Major pneumococcal virulence factors

Factor	Activity
Polysaccharide capsule	Attachment to respiratory epithelial cells (pro-adhesive), evasion of host defenses
Hydrogen peroxide	Pro-invasive, evasion of host defenses
Pneumolysin	Pro-invasive, evasion of host defenses
Pneumococcal surface adhesin C	Pro-adhesive, pro-invasive, evasion of host defenses
Pneumococcal surface protein A	Evasion of host defenses
Pneumococcal surface protein C	Pro-adhesive, pro-invasive, evasion of host defenses

Diagnosis and prognostication of pneumococcal pneumonia

As indicated above, despite fairly extensive microbiological investigation, the microbial etiology of CAP is identified in 60% of patients or less. Clearly, more effective diagnostic tools are required for determining likely etiology. More recently, it has been recognized that determination of the pneumococcal load by using quantitative polymerase chain reaction (PCR) may be a useful tool for the diagnosis of pneumococcal infection and also for assessment of severity of infection and for its prognostication [1,18,19]. An earlier study quantified S. pneumoniae DNA levels in blood by real-time PCR in 93 patients with confirmed pneumococcal CAP [18]. A positive S. pneumoniae PCR was associated with a significantly higher mortality, risk for shock, and need for mechanical ventilation (MV). Logistic regression with appropriate adjustments documented bacterial load as being independently associated with septic shock (adjusted odds ratio [aOR] 2.42, 95% confidence interval [CI] 1.10 to 5.80) and need for MV (aOR 2.71, 95% CI 1.17 to 6.27), whereas bacterial loads of at least 103 copies per mL (occurring in 29% of patients) were associated with a significantly higher risk of septic shock (OR 8.00), need for MV (OR 10.50), and hospital mortality (OR 5.43). A more recent study documented that detection of pneumococcal DNA in the serum was associated with more severe disease and that there also appeared to be a dose-response effect with increasing bacterial loads being associated with increasing disease severity [19]. The authors did not find a similar association between bacterial load and disease severity with the use of sputum specimens, except for in one specific subgroup of patients, namely those who were previous or current smokers [19].

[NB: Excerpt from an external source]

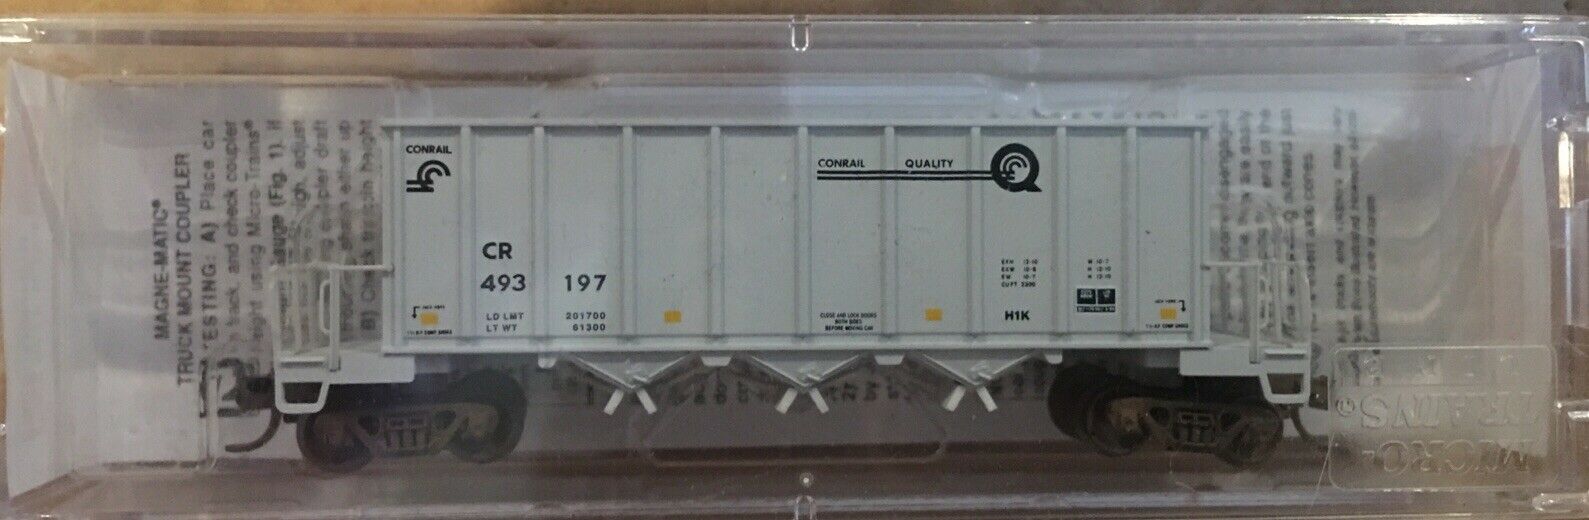 N Scale - Micro-Trains - 125 54 030 - Open Hopper, 3-Bay Ortner Rapid Discharge - Conrail - 493197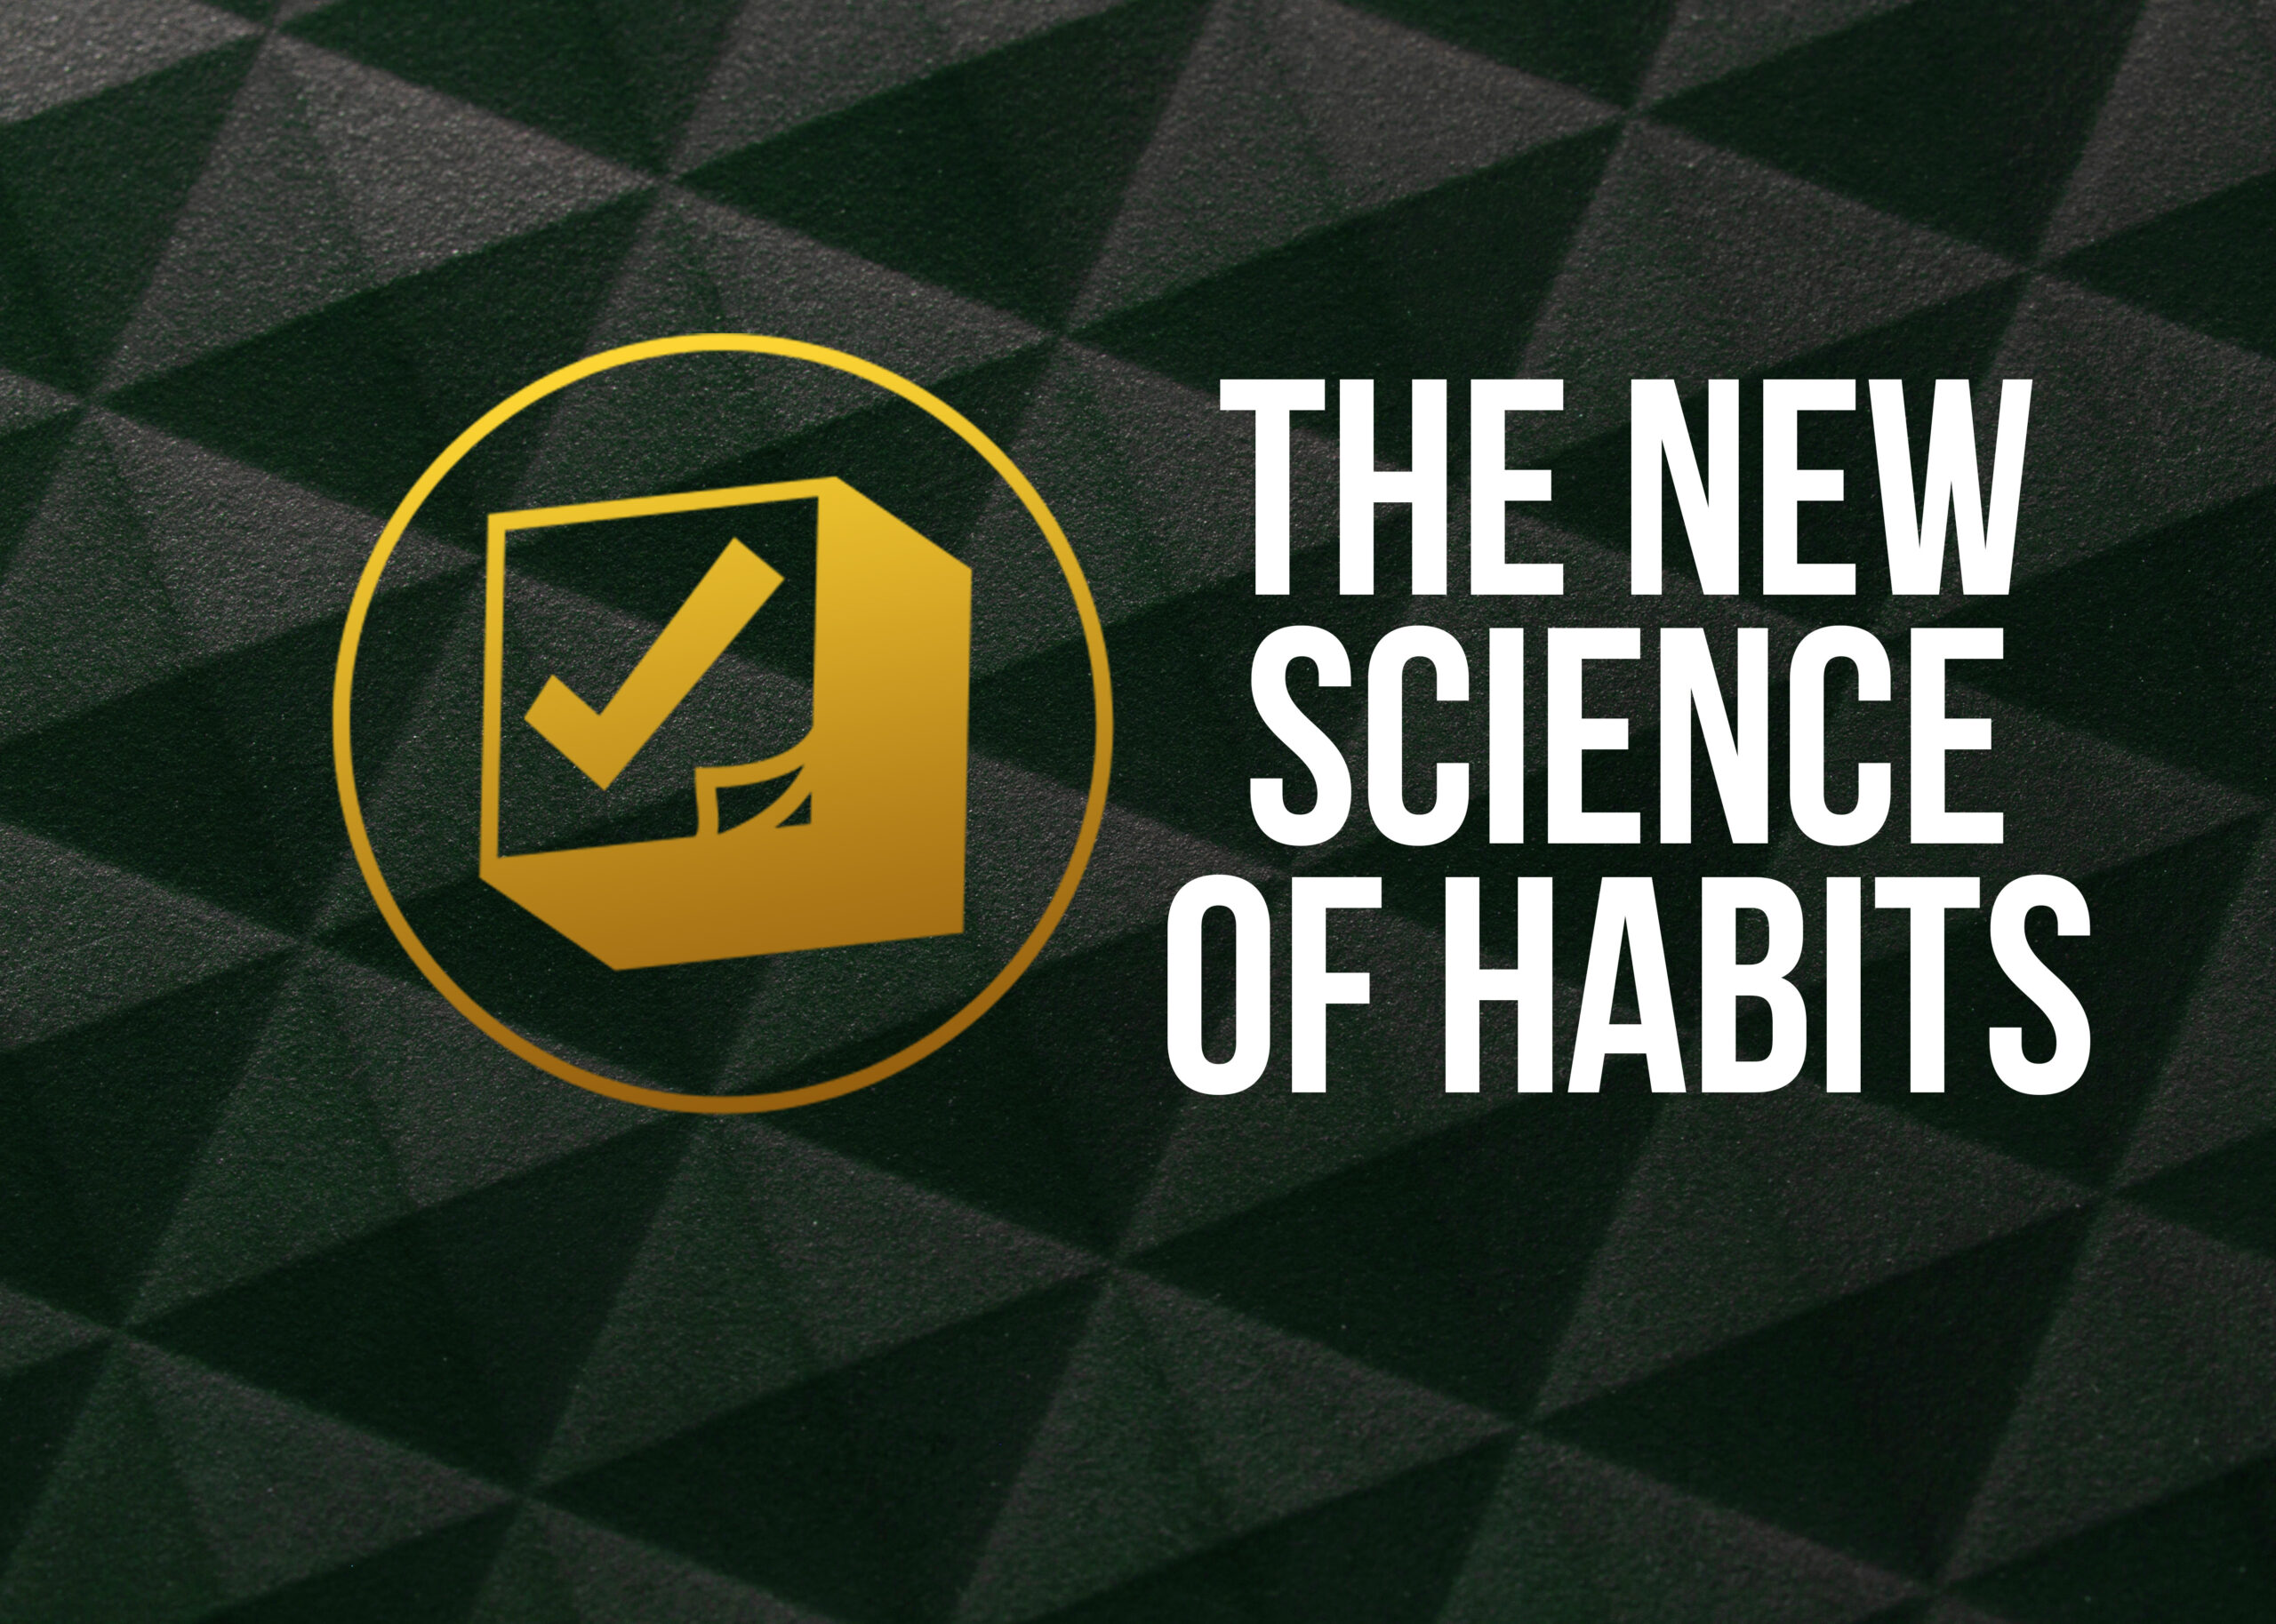 Science of habits

Cardiac complications in patients with community-acquired pneumonia, including pneumococcal community-acquired pneumonia

It has been recognized for some time that a relatively high incidence of cardiac events occurs in patients with CAP, involving up to a quarter of adults admitted to the hospital, and that the occurrence of such complications may be related to poorer short-term patient outcomes [20-22]. These complications may occur even in patients without underlying cardiac disease, and also in patients at low risk of complications, based on a low severity-of-illness score [22]. Among the cardiac complications documented is new-onset, or worsening, cardiac failure, new or worsening arrhythmia, or myocardial infarction [21]. In one study of 170 pneumococcal pneumonia patients who were admitted to a hospital for management of their infection, 33 cases (19.4%) had one or more of these cardiac complications [23]. An important additional finding was that among these pneumococcal pneumonia patients who had a cardiac event, there was a significantly higher mortality than among patients without such events (P < 0.008). In a more recent study of 3,921 patients with CAP, of whom 315 (8%) had one or more acute cardiac events, multivariate analysis documented factors associated with these events, and among these parameters was pneumococcal etiology [24]. The authors derived a prediction rule based on these variables which could allow bedside evaluation of the likelihood of acute cardiac events [24]. Interestingly, in one study of 6,171 patients with CAP, of whom 175 (3%) developed acute coronary syndromes (ACSs), prior exposure to the polyvalent polysaccharide pneumococcal vaccine was independently associated with a 58% reduction in ACS events (adjusted hazard ratio 0.42, 95% CI 0.27 to 0.66) [25].

Sensitivity analysis suggested that these findings were related, at least in part, to a “healthy vaccinee” effect, and the authors concluded that because of this confounding the benefits of pneumococcal polysaccharide vaccine (PPV) were more likely to be much smaller than the initial analysis suggested but that the sensitivity analyses could not refute the existence of some, perhaps small, protective benefit of PPV [25]. It is now commonly recommended that CAP patients who are not reaching clinical stability in response to appropriate therapy should be evaluated for a possible cardiac event since early recognition and treatment of these events may improve patient outcomes.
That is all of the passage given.